> [THE TASK]:
Repeat the whole listing word for word, skipping pictures.

> [COLLECTED MATERIAL]:
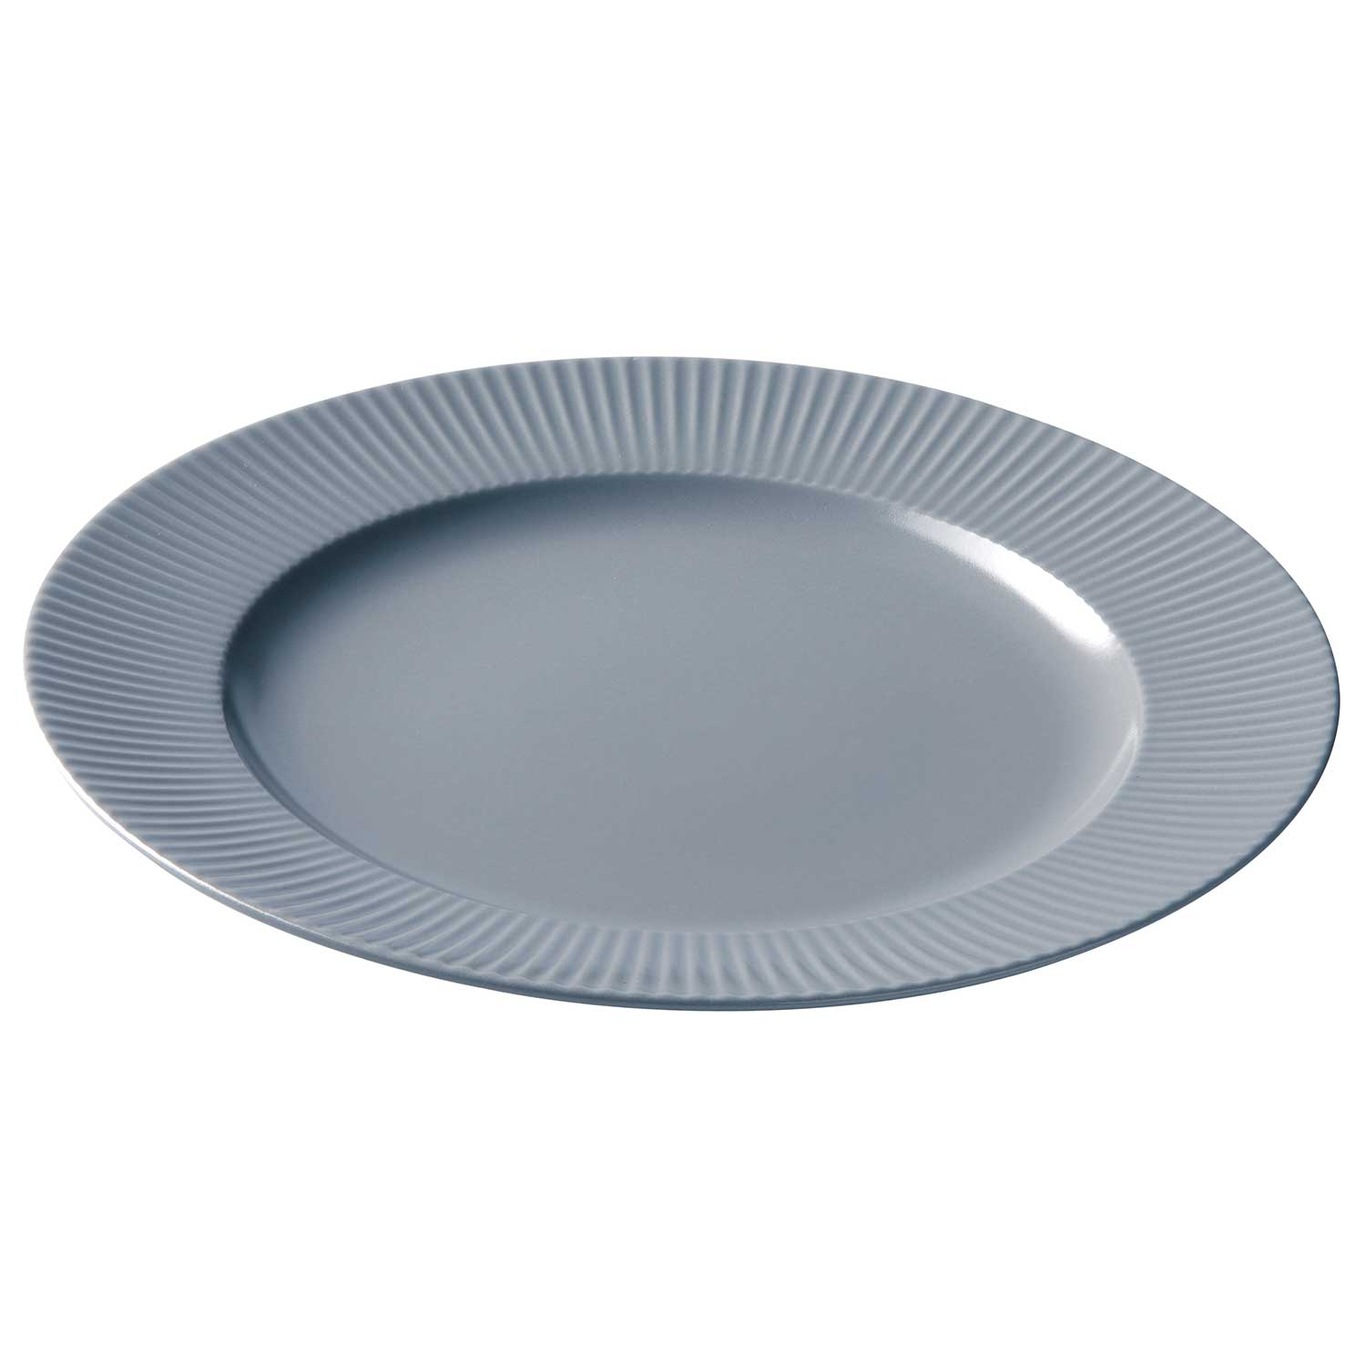 Groovy Dinner Plate 27 cm, Grey
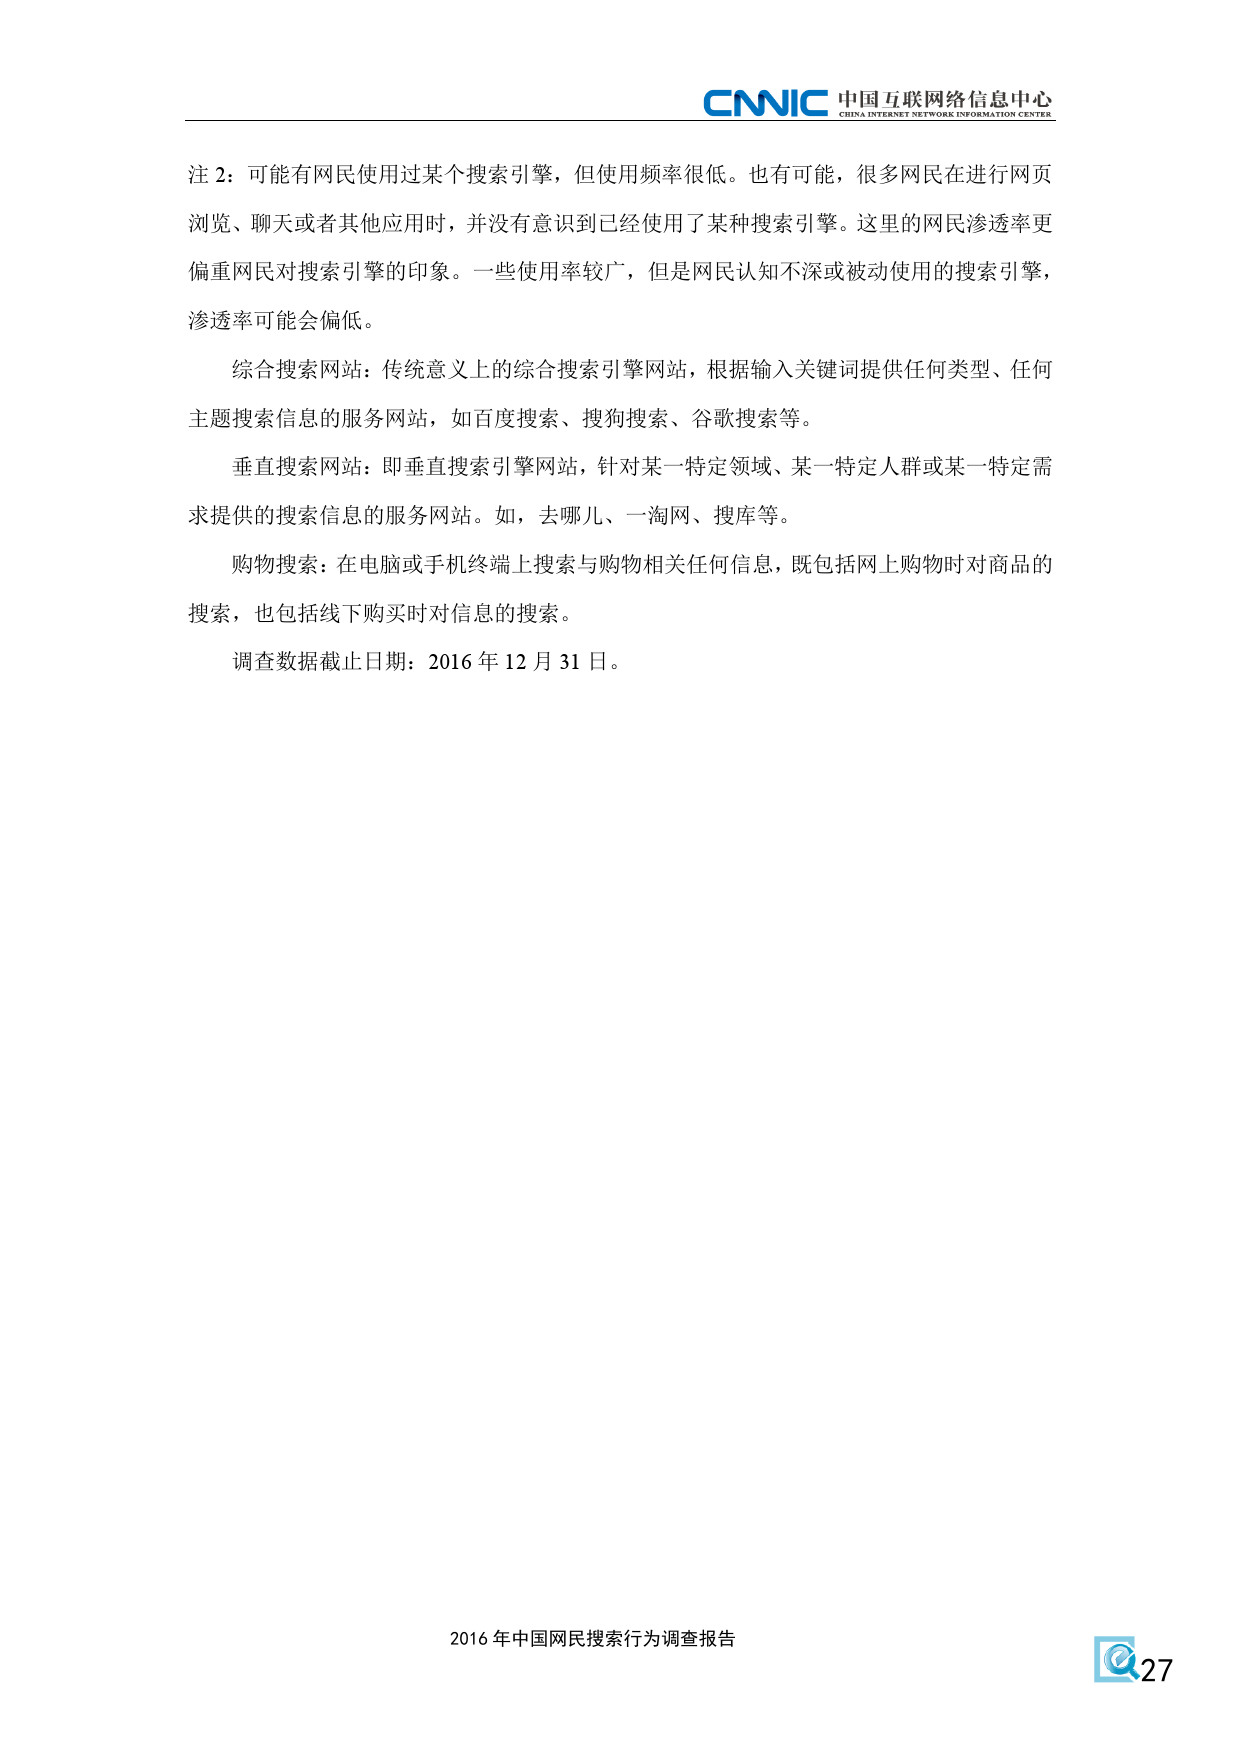 CNNIC：2016年中国网民搜索行为调查报告-Ceacer 网安
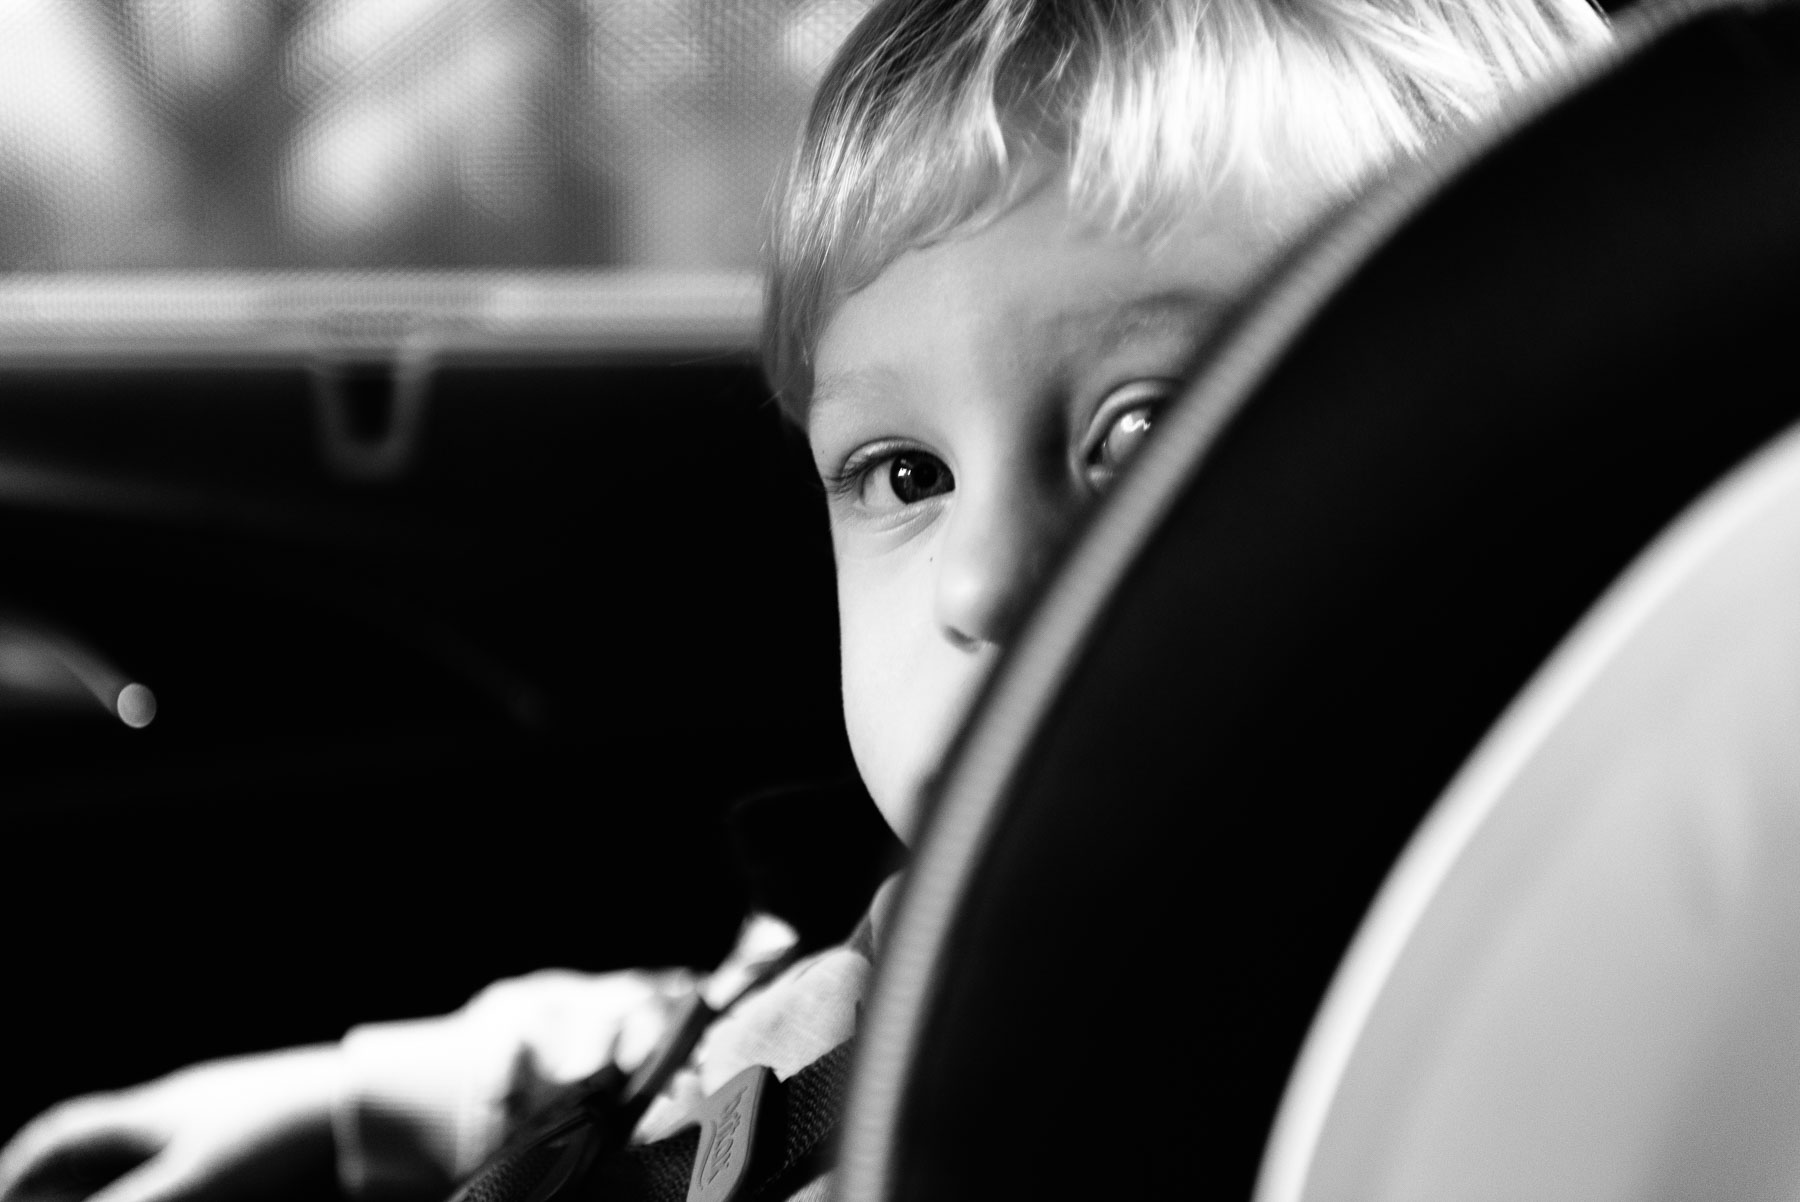 Toddler boy peeking over side of carseat
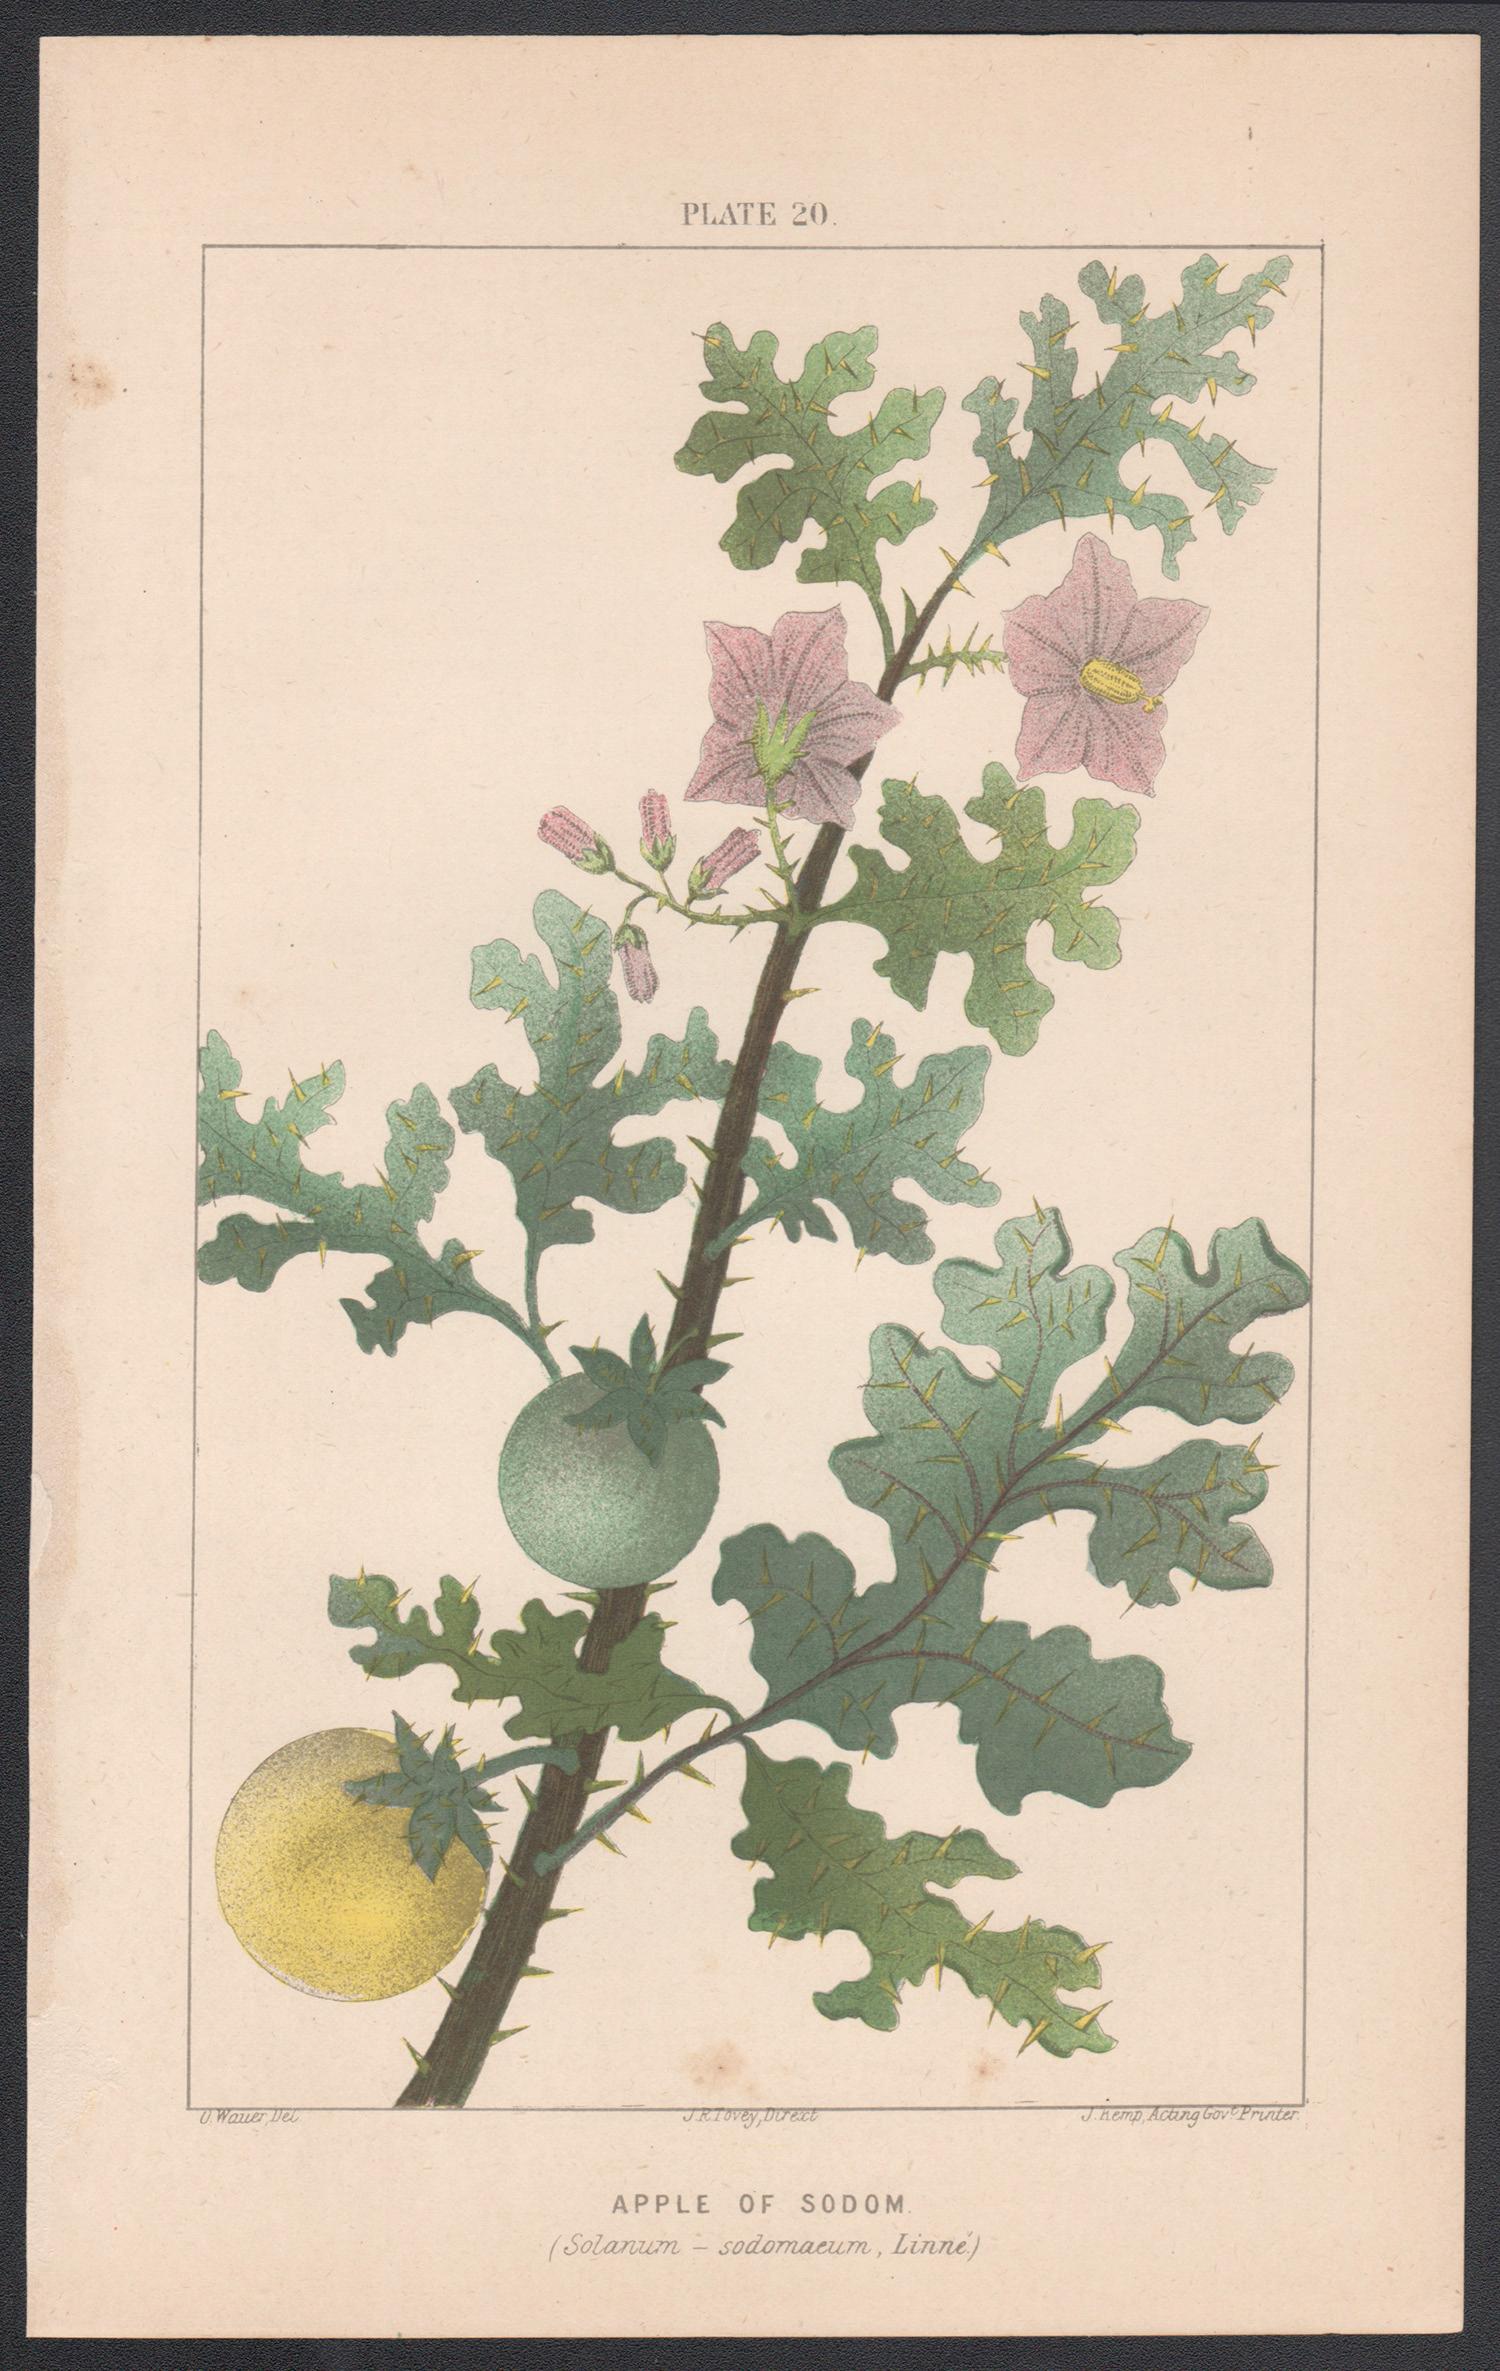 Apple of Sodom (Solanum - sodomaeum, Linne), antique botanical plant lithograph - Print by O Wauer

> [WRITTEN ANSWER]:
 Groovy Dinner Plate 27 cm, Grey
 CNNIC：2016年中国网民搜索行为调查报告-Ceacer 网安
 Toddler boy peeking over side of carseat
 Apple of Sodom (Solanum - sodomaeum, Linne), antique botanical plant lithograph - Print by O Wauer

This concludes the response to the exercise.